DATA LISTING
┌──
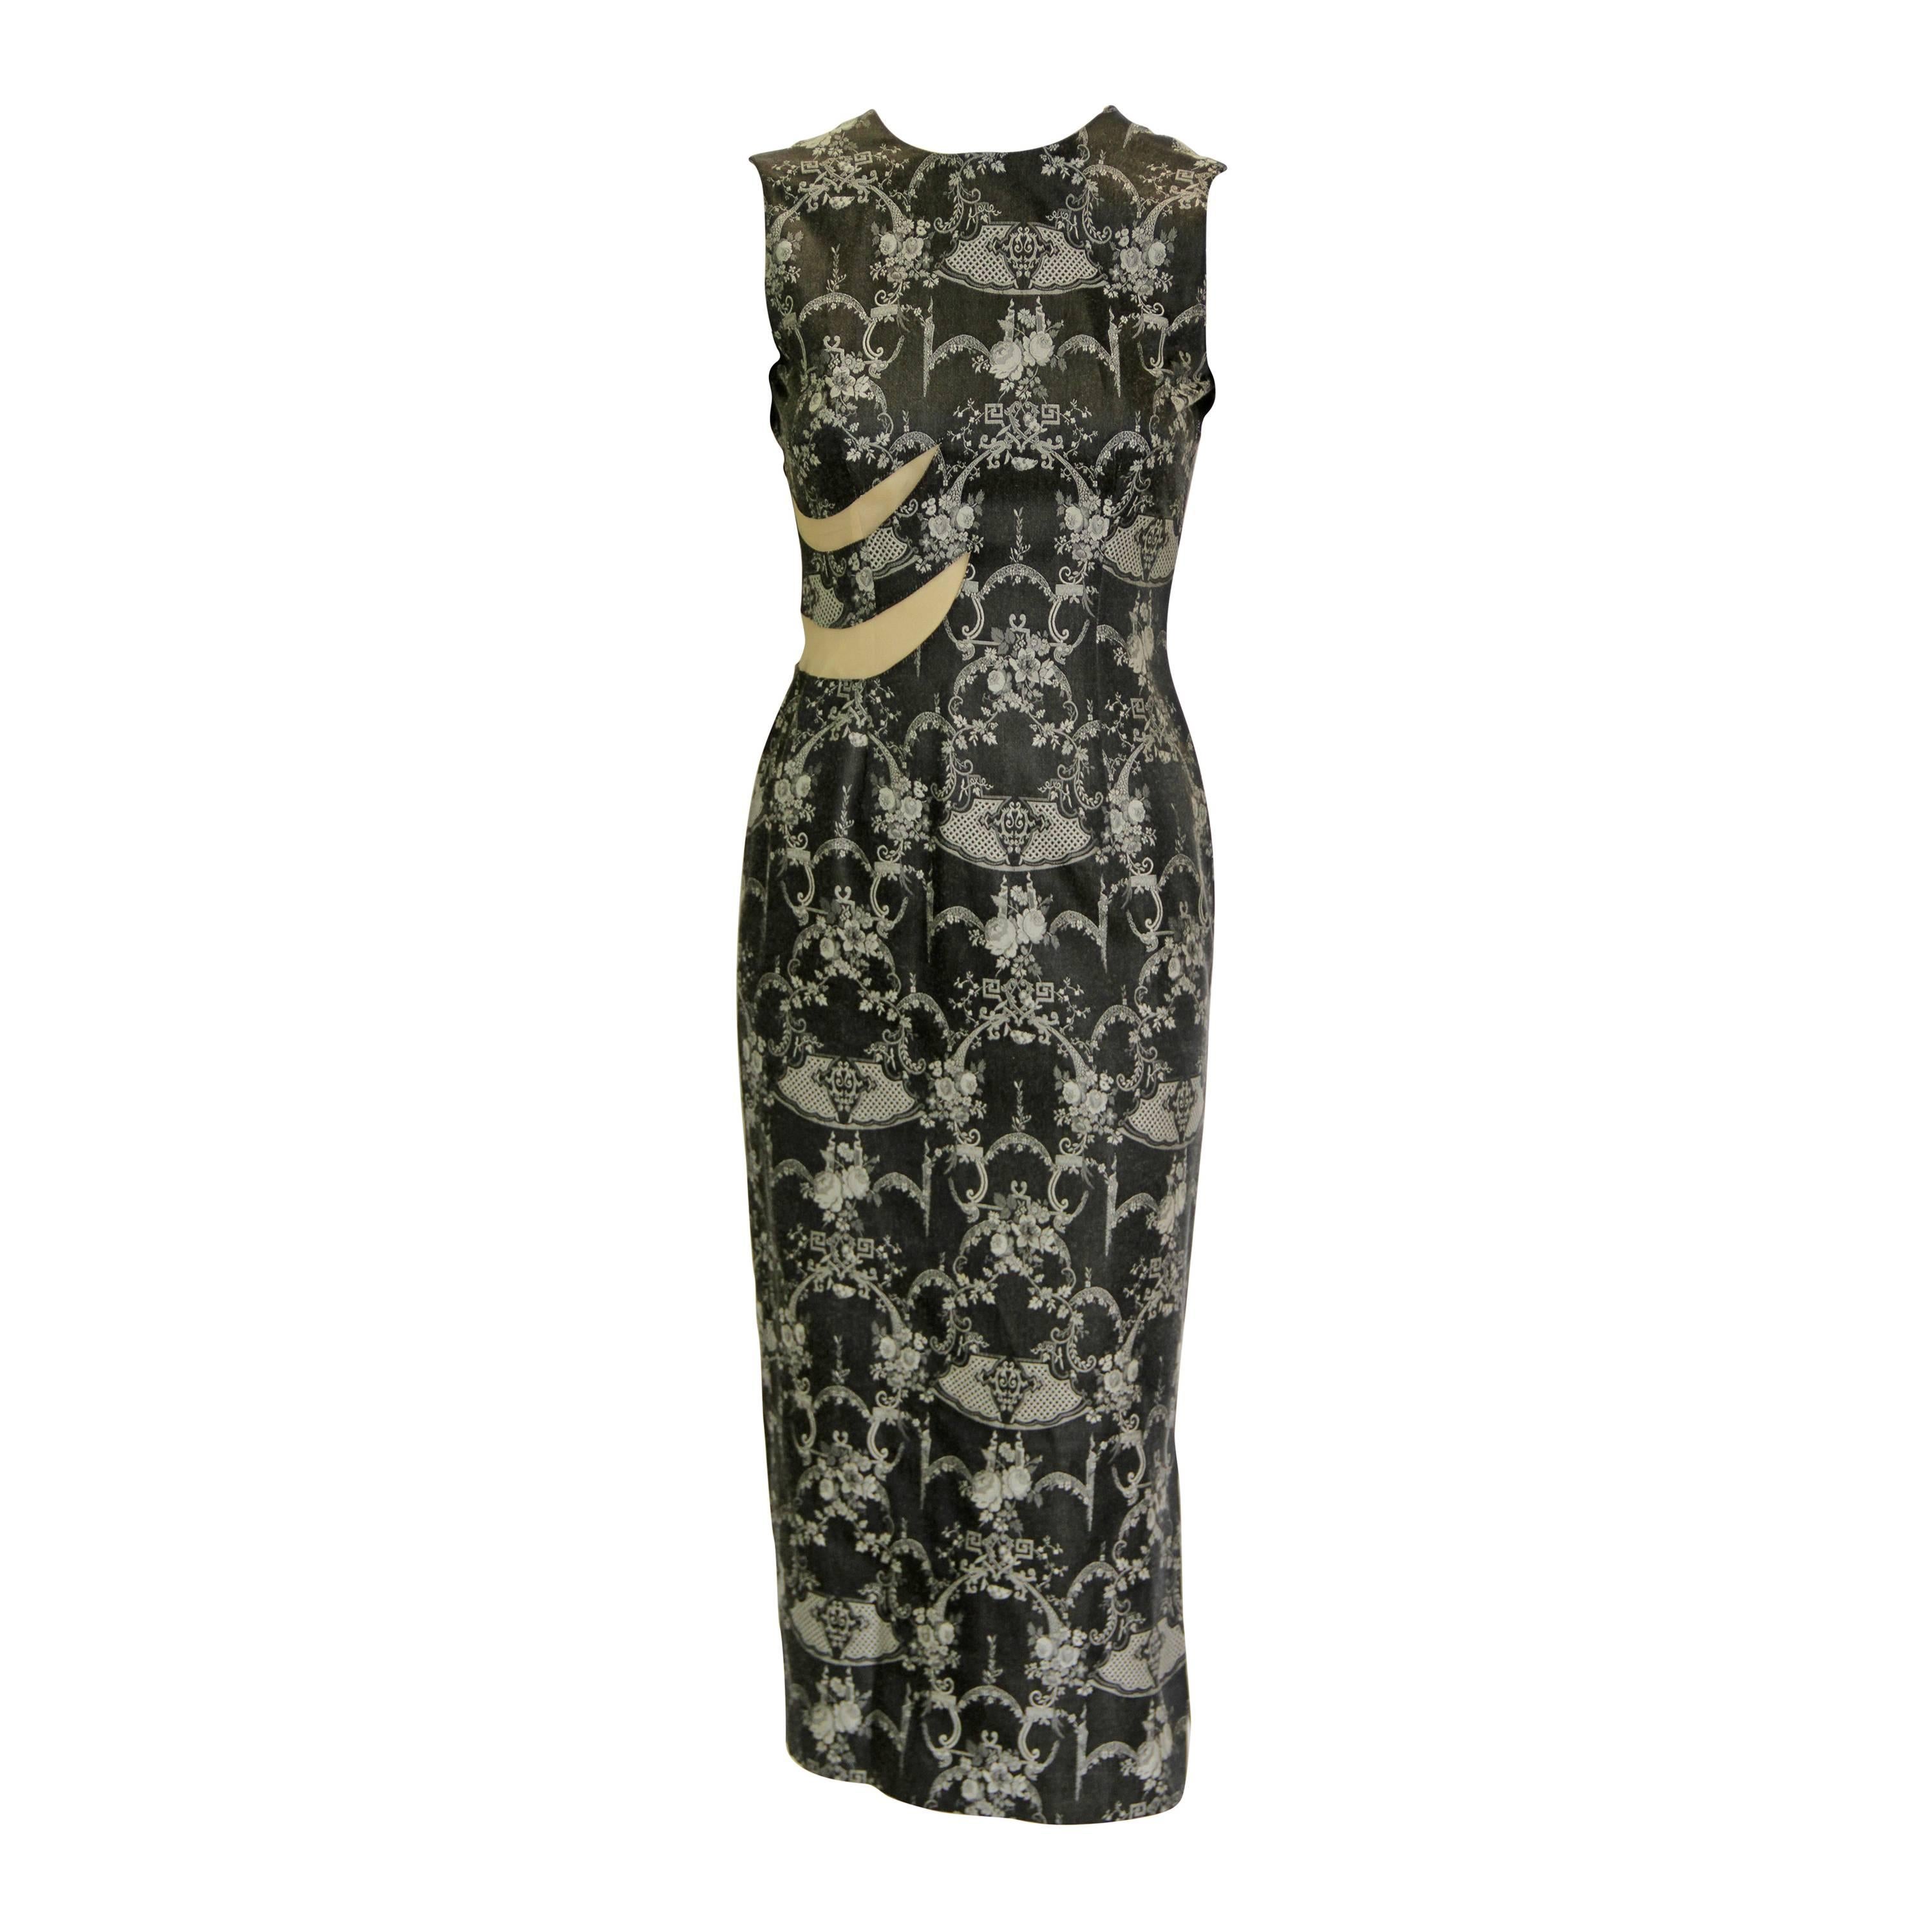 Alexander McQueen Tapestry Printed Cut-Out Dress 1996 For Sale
└──
┌──
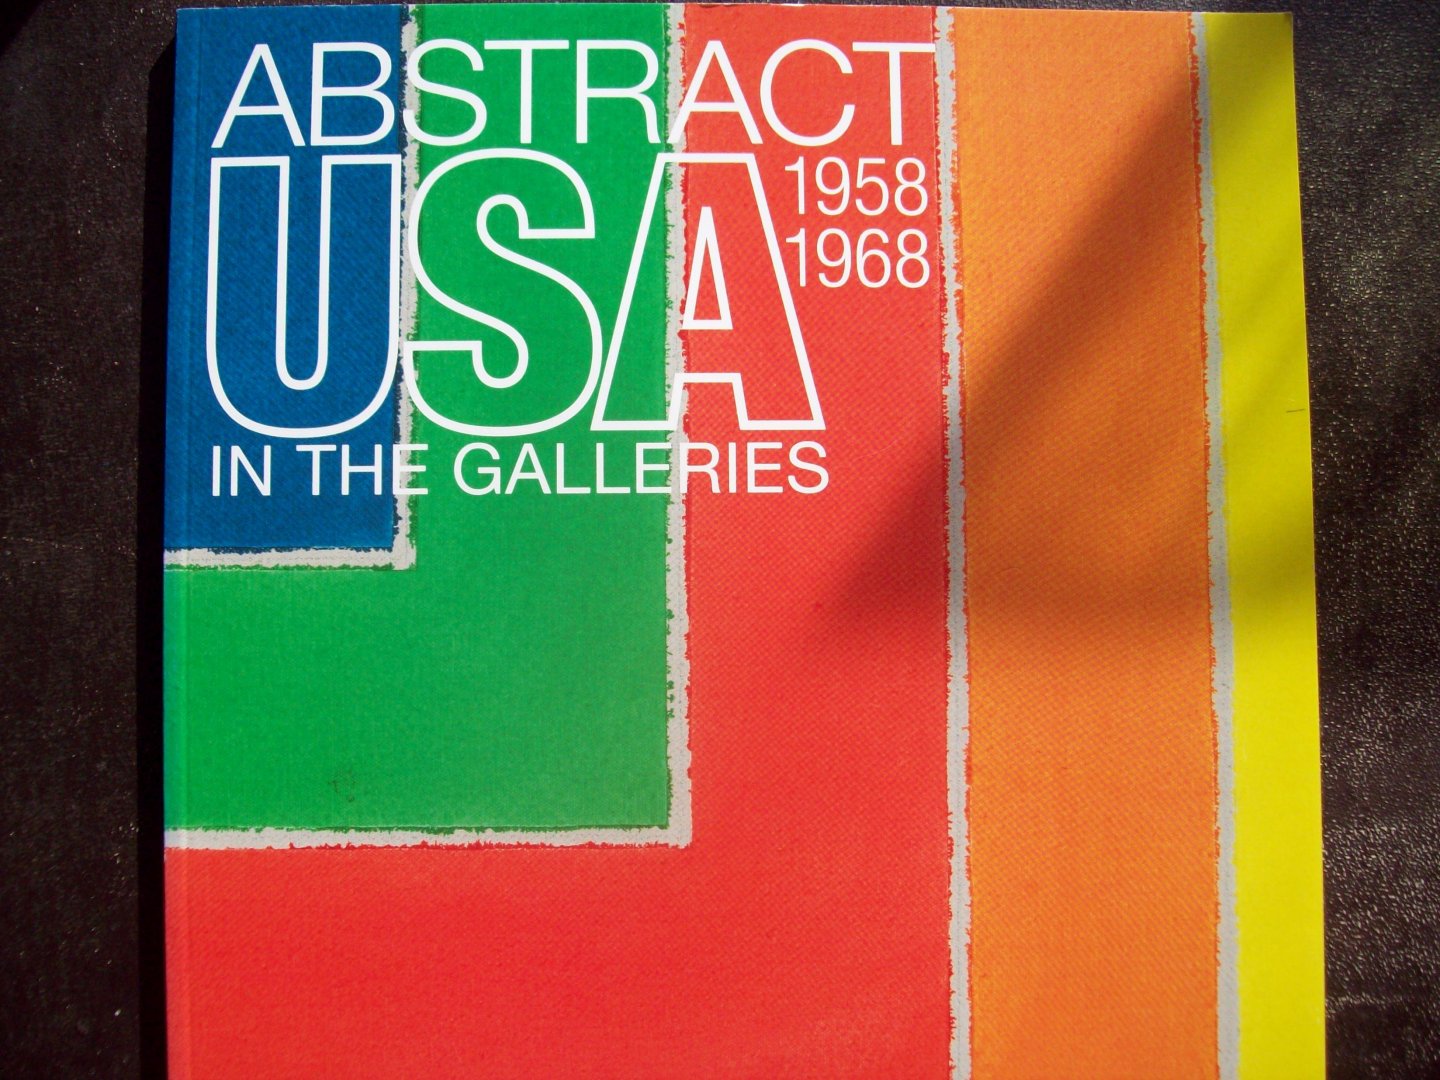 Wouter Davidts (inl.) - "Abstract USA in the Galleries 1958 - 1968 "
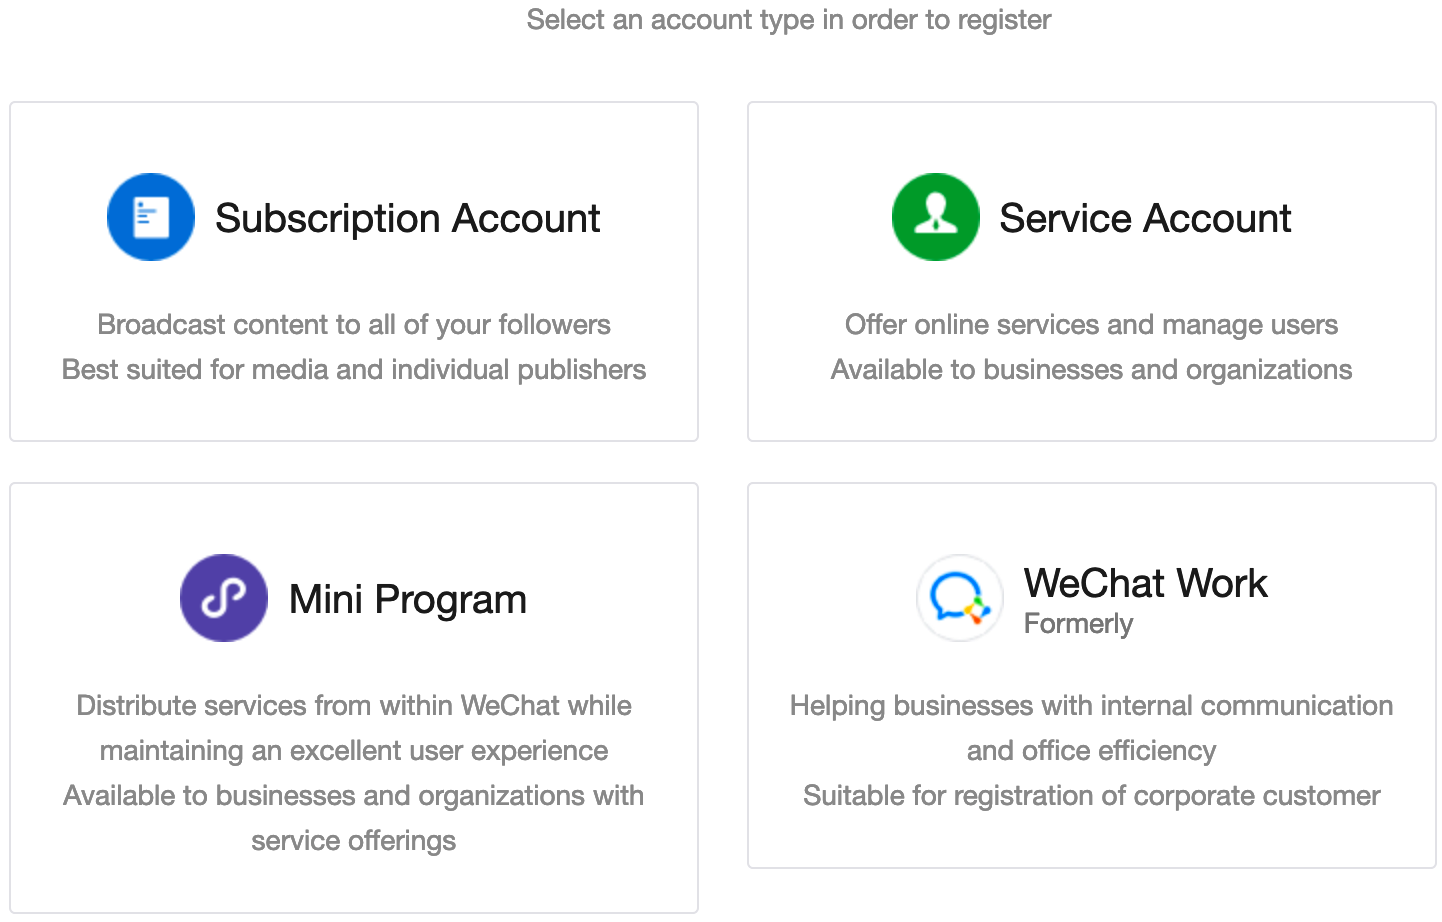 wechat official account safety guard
└──
┌──
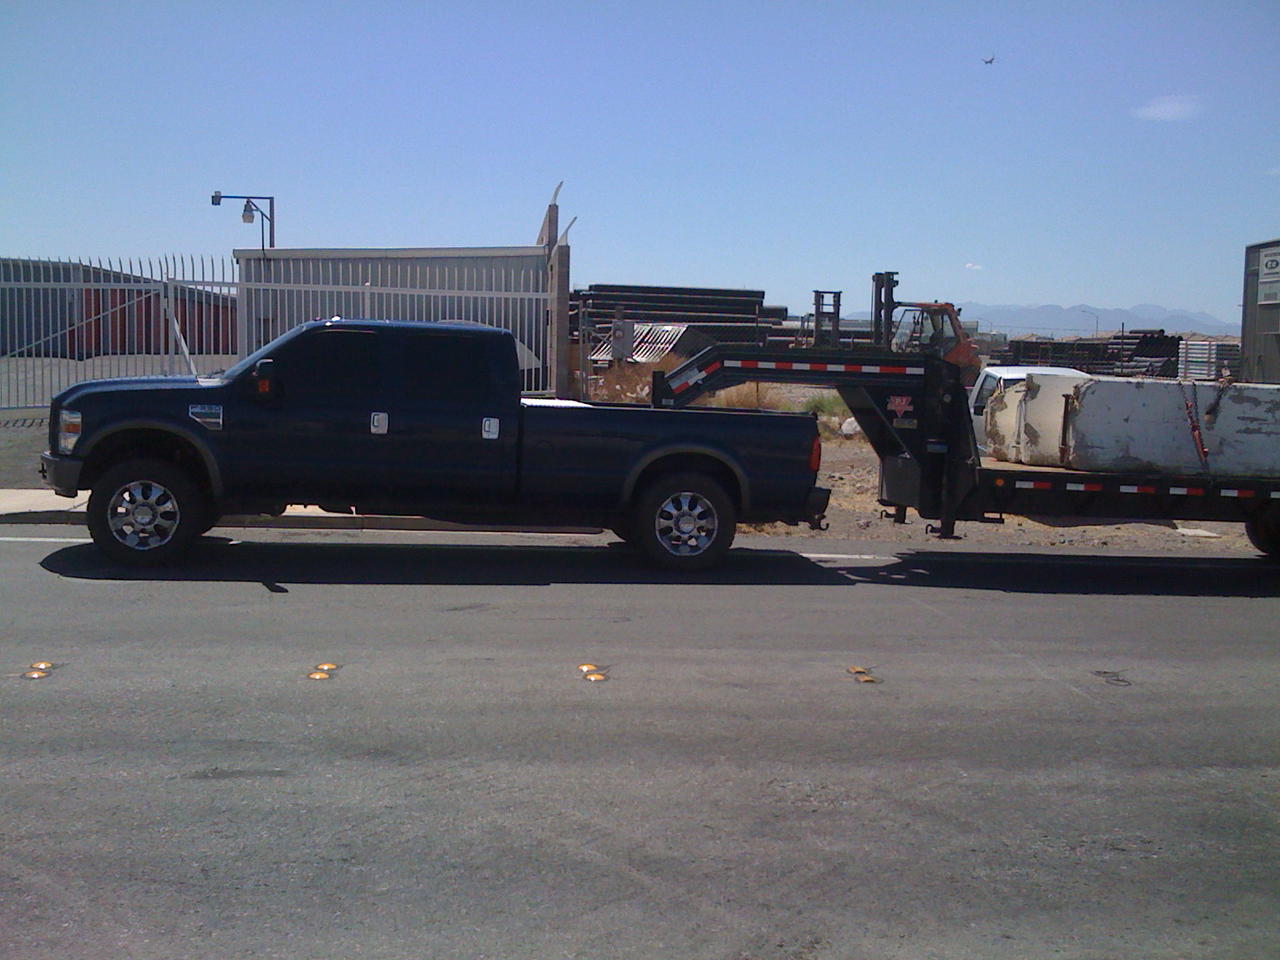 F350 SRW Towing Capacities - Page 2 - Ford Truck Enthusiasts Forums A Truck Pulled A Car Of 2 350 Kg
└──
WORK TO BE COMPLETED
All that should appear in the answer is the lines above from the line with "Wouter Davidts (inl.)" through the line with "wechat official account safety guard", retyped exactly, pictures left out.

ANSWER TO THIS PROBLEM
 Wouter Davidts (inl.) - "Abstract USA in the Galleries 1958 - 1968 "
 wechat official account safety guard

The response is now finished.